> [SUPPLIED DATA]:

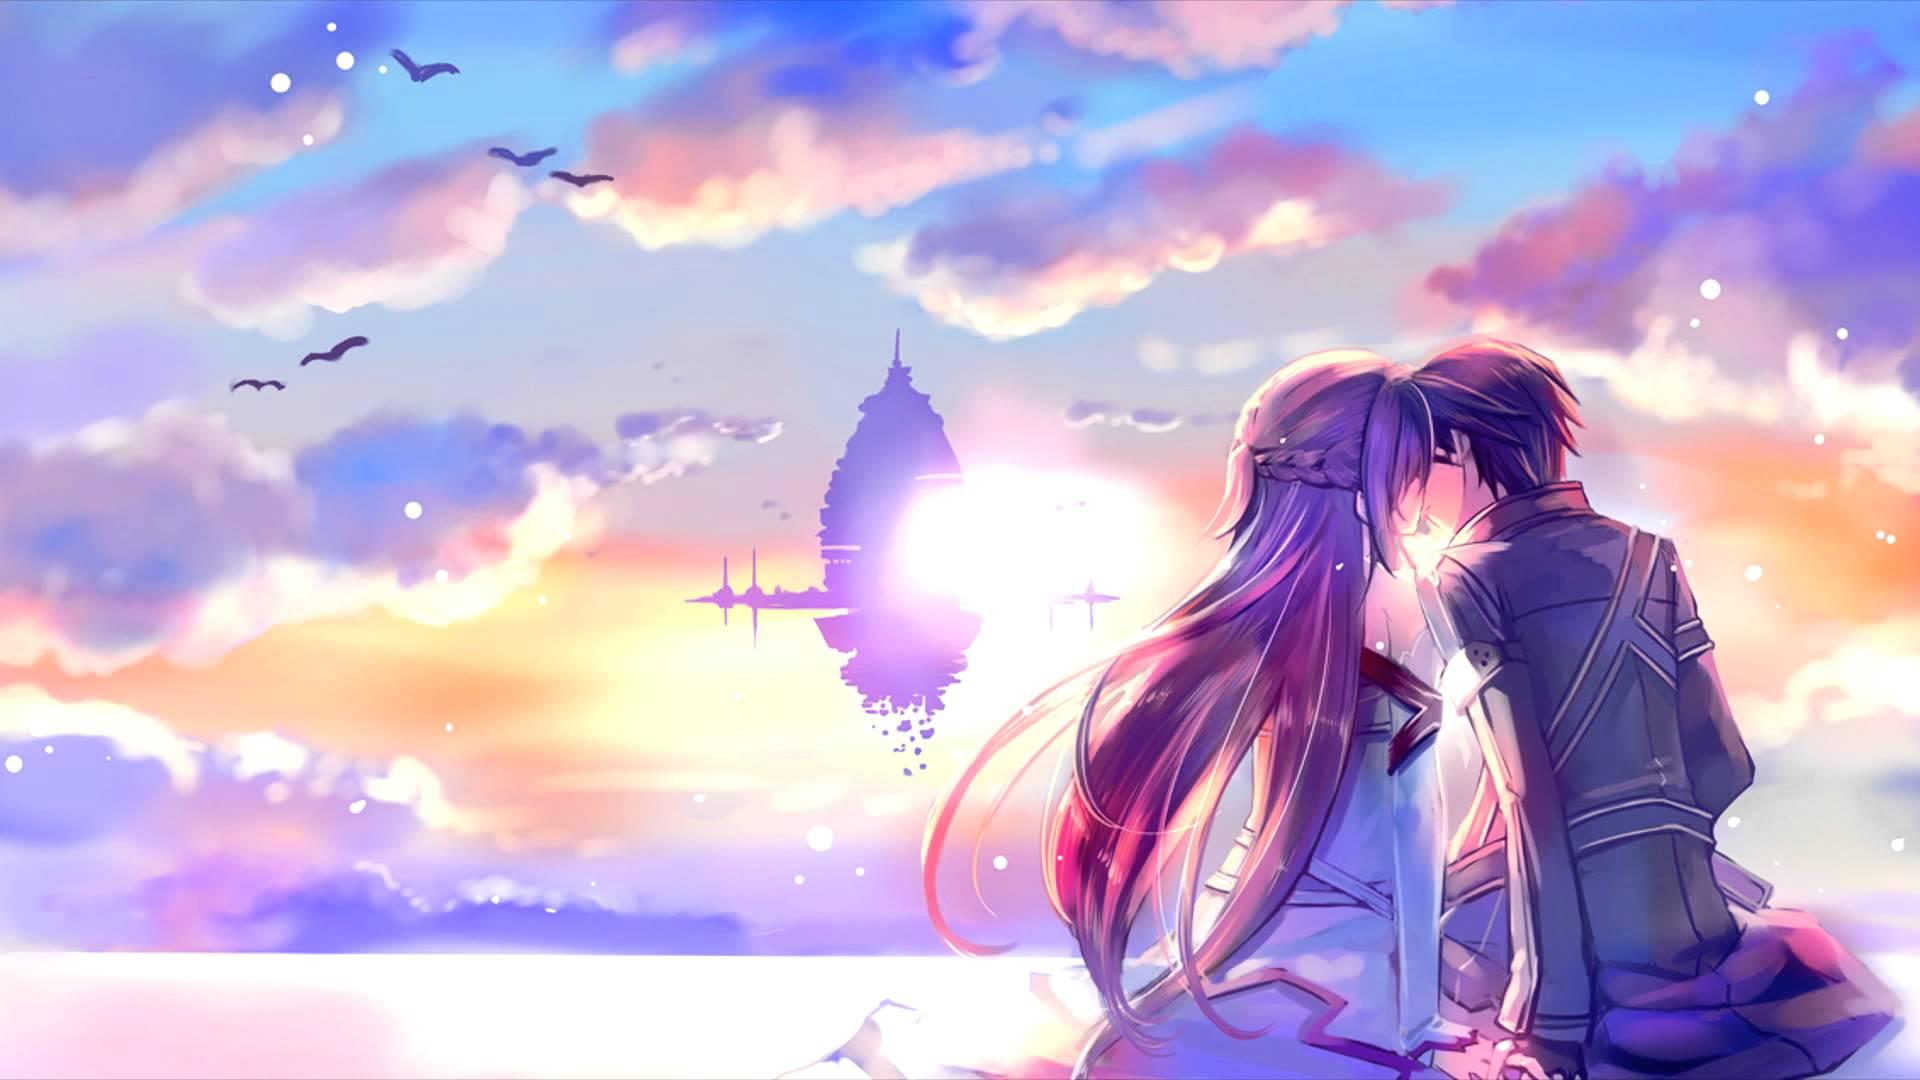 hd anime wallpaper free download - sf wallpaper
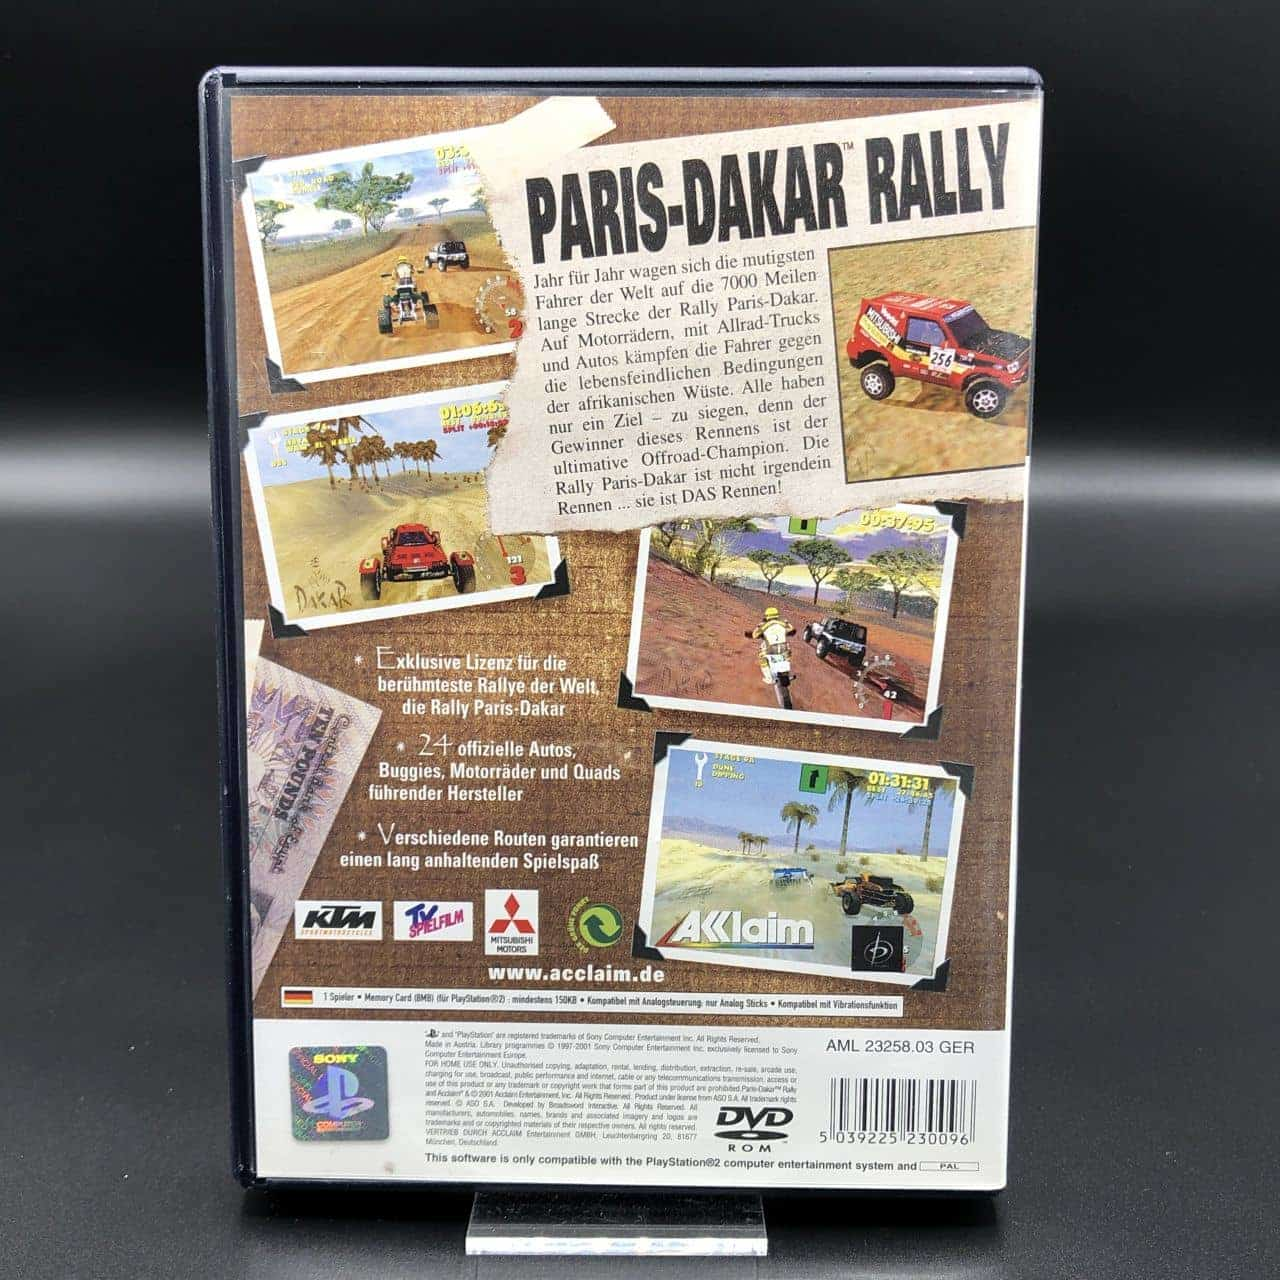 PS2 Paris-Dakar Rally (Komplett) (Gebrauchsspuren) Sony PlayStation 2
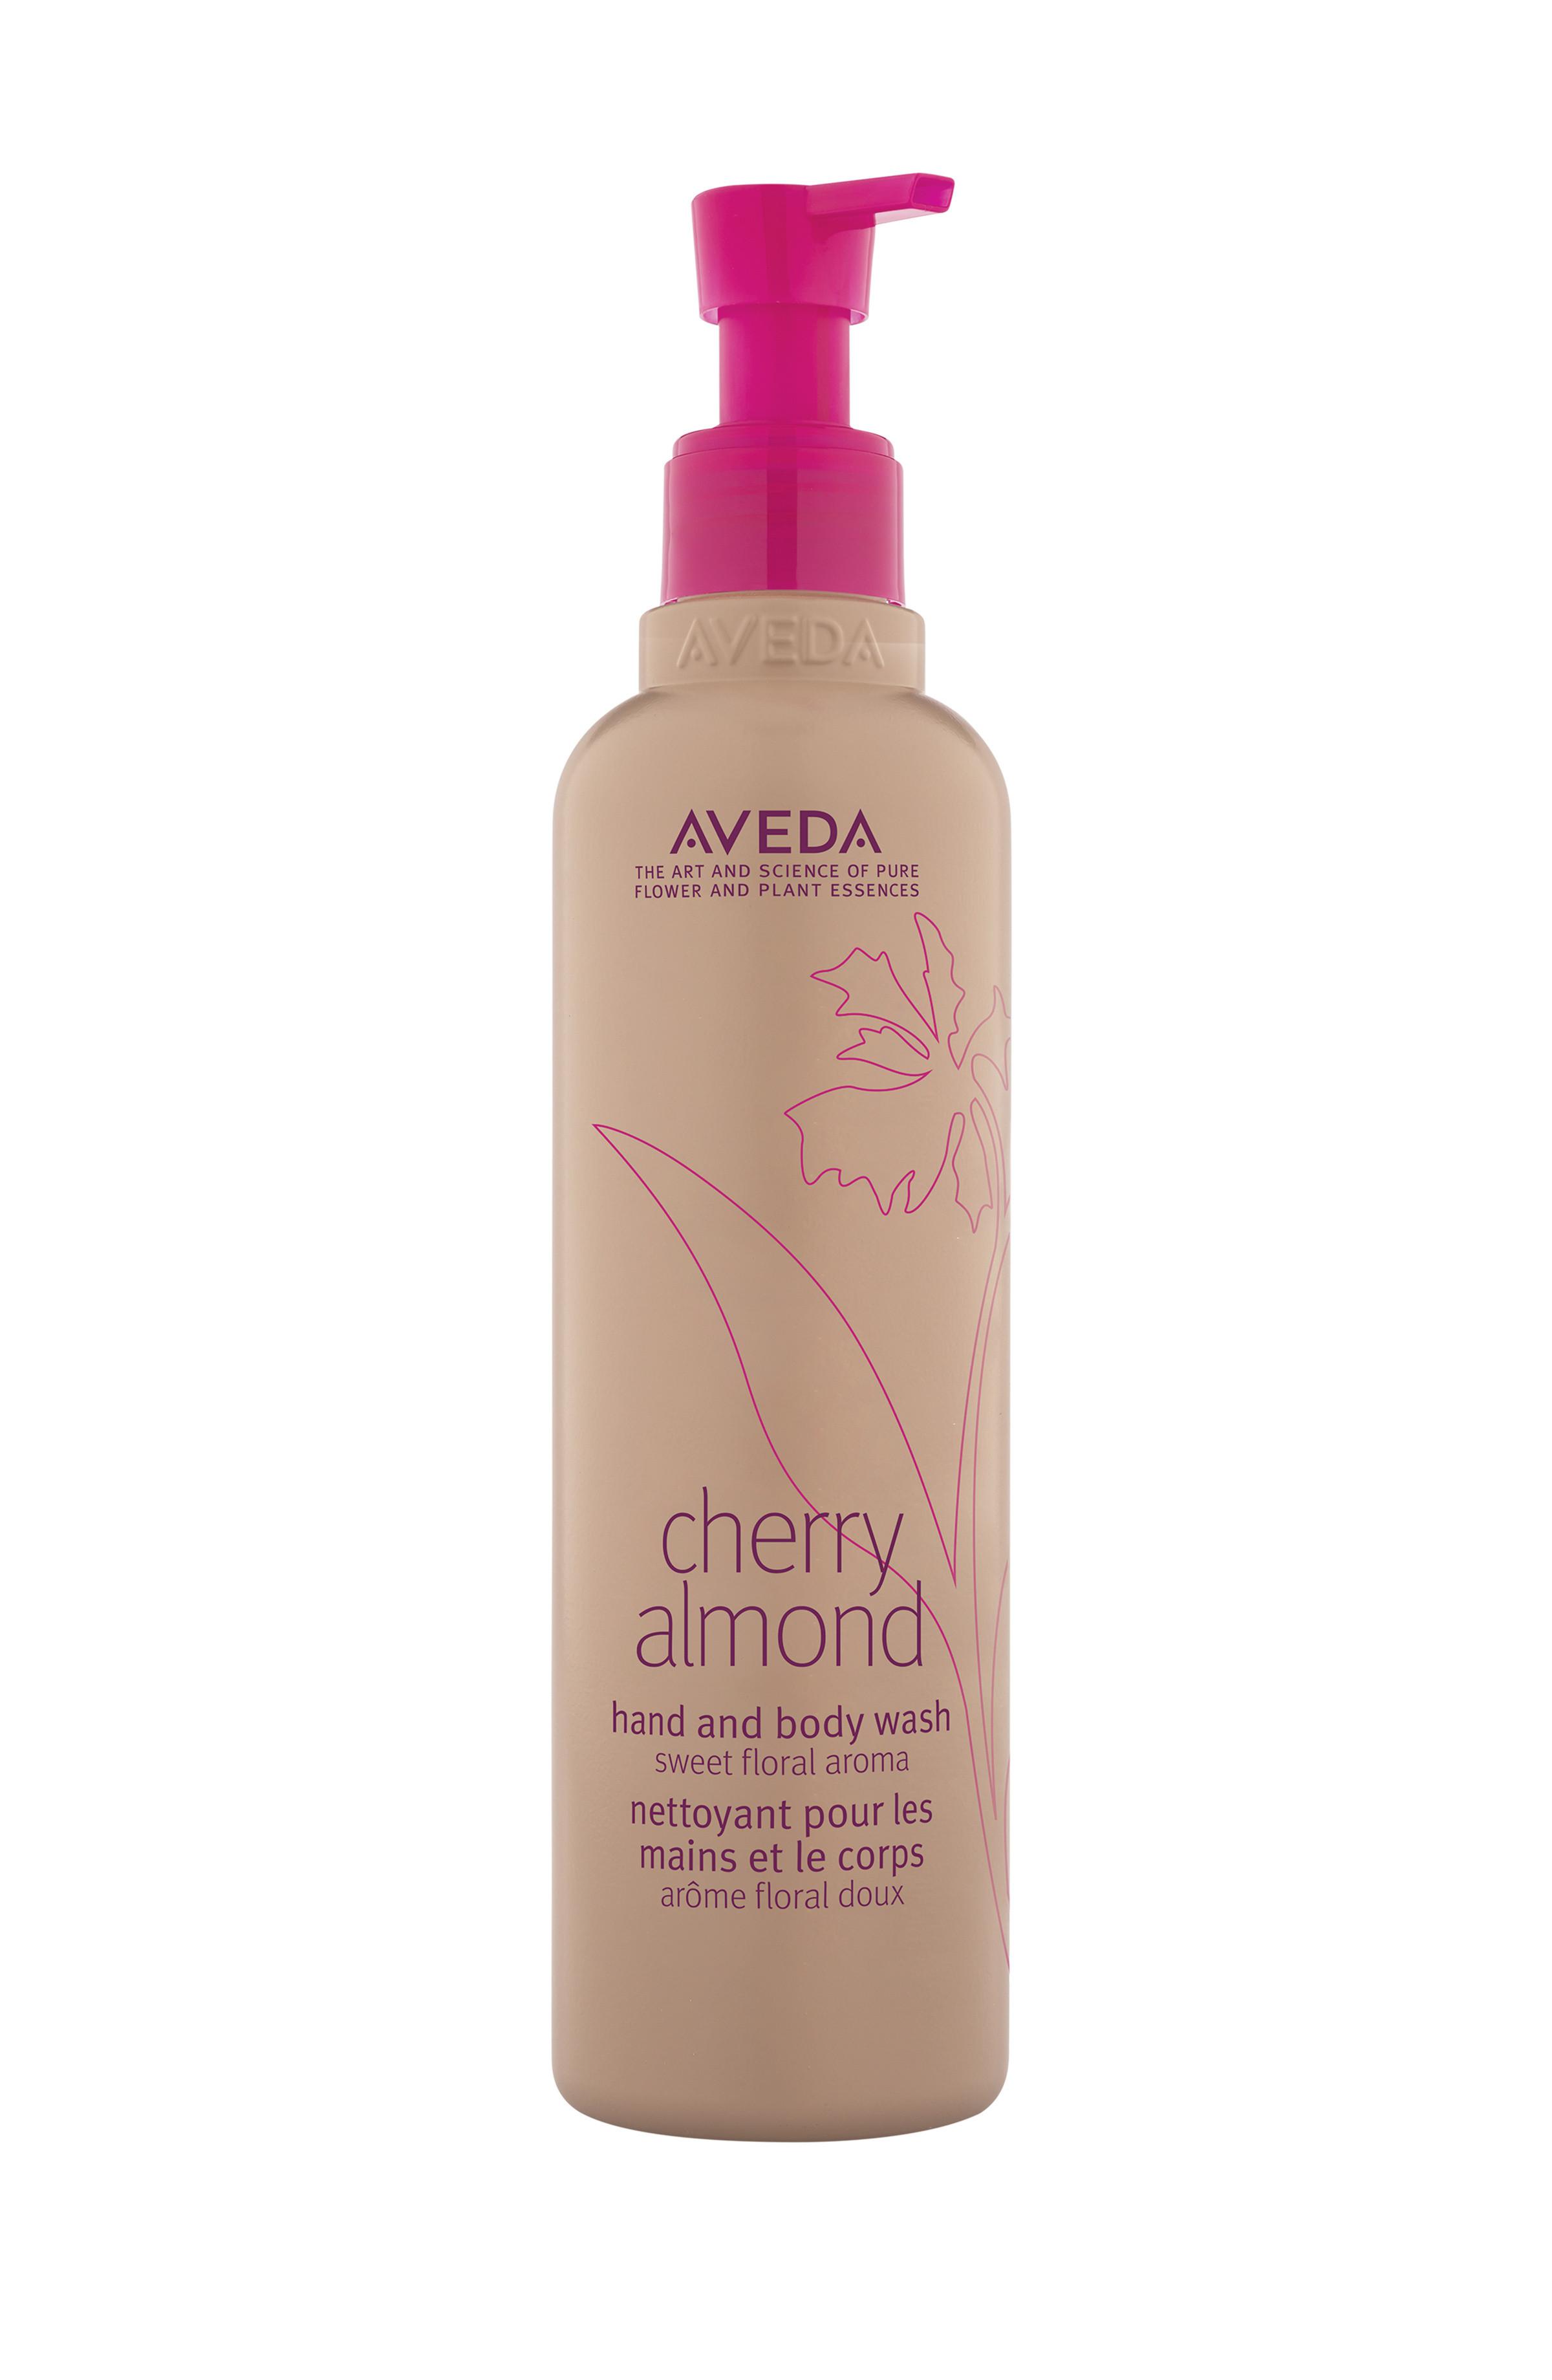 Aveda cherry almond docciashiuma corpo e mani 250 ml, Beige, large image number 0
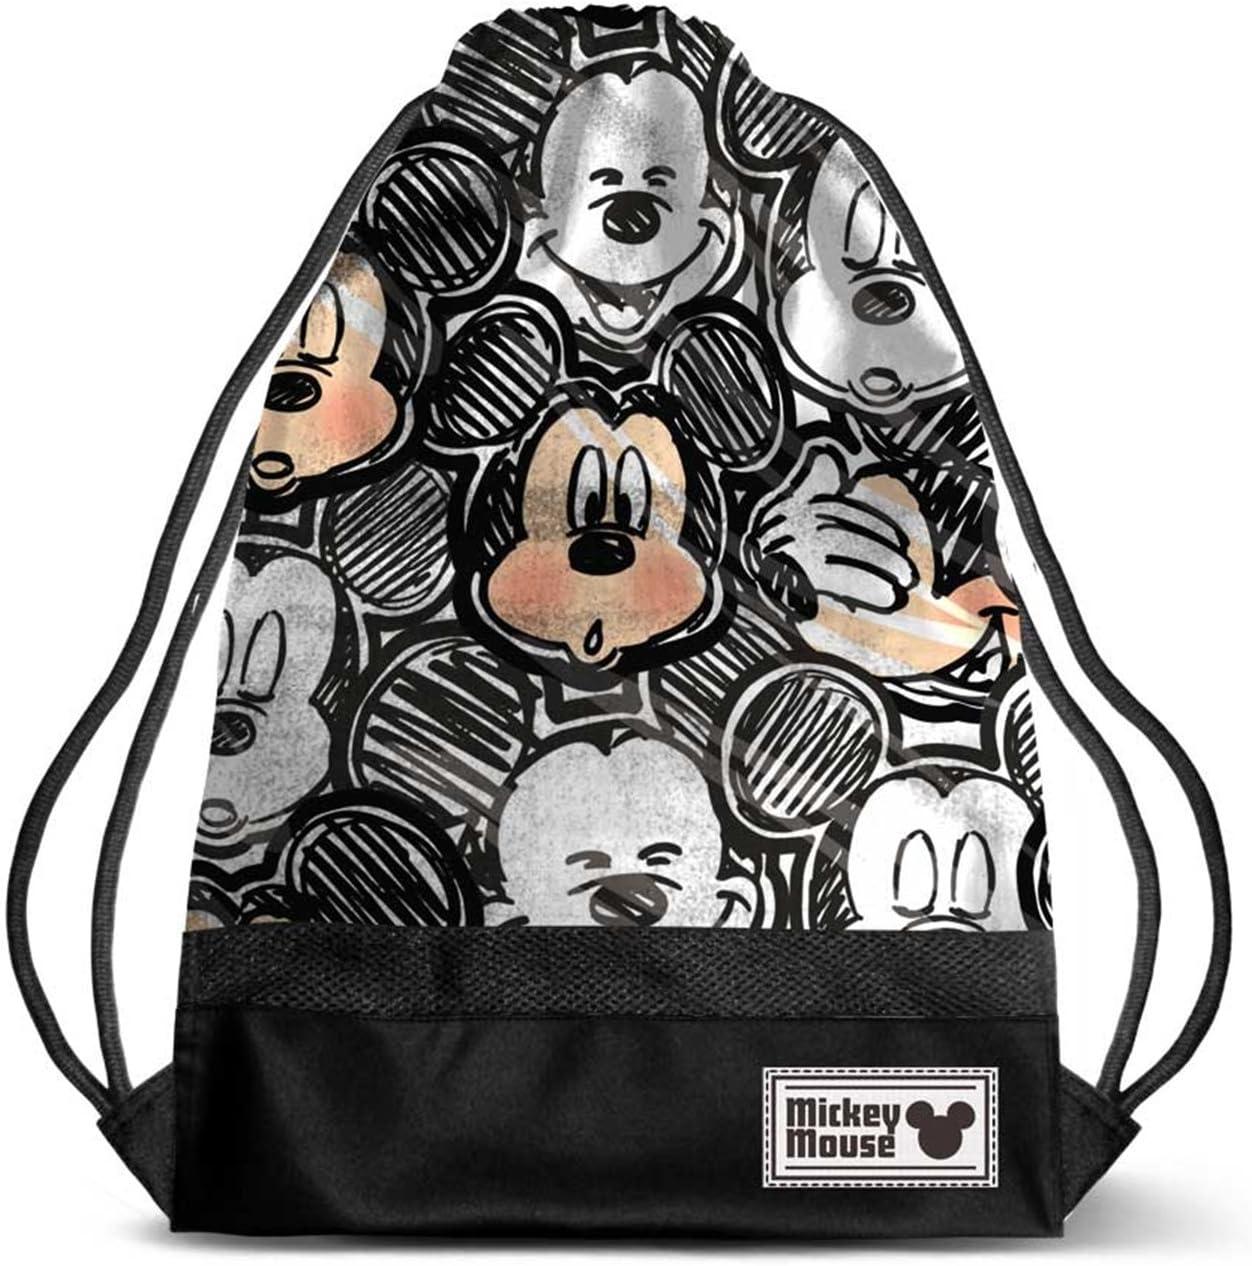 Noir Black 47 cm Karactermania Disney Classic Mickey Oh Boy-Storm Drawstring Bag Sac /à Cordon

> [WHAT IS EXPECTED]:
Reproduce the whole listing verbatim and keep all pictures out of it.

> [ANSWER SPACE]:
 hd anime wallpaper free download - sf wallpaper
 PS2 Paris-Dakar Rally (Komplett) (Gebrauchsspuren) Sony PlayStation 2
 Aveda cherry almond docciashiuma corpo e mani 250 ml, Beige, large image number 0
 Noir Black 47 cm Karactermania Disney Classic Mickey Oh Boy-Storm Drawstring Bag Sac /à Cordon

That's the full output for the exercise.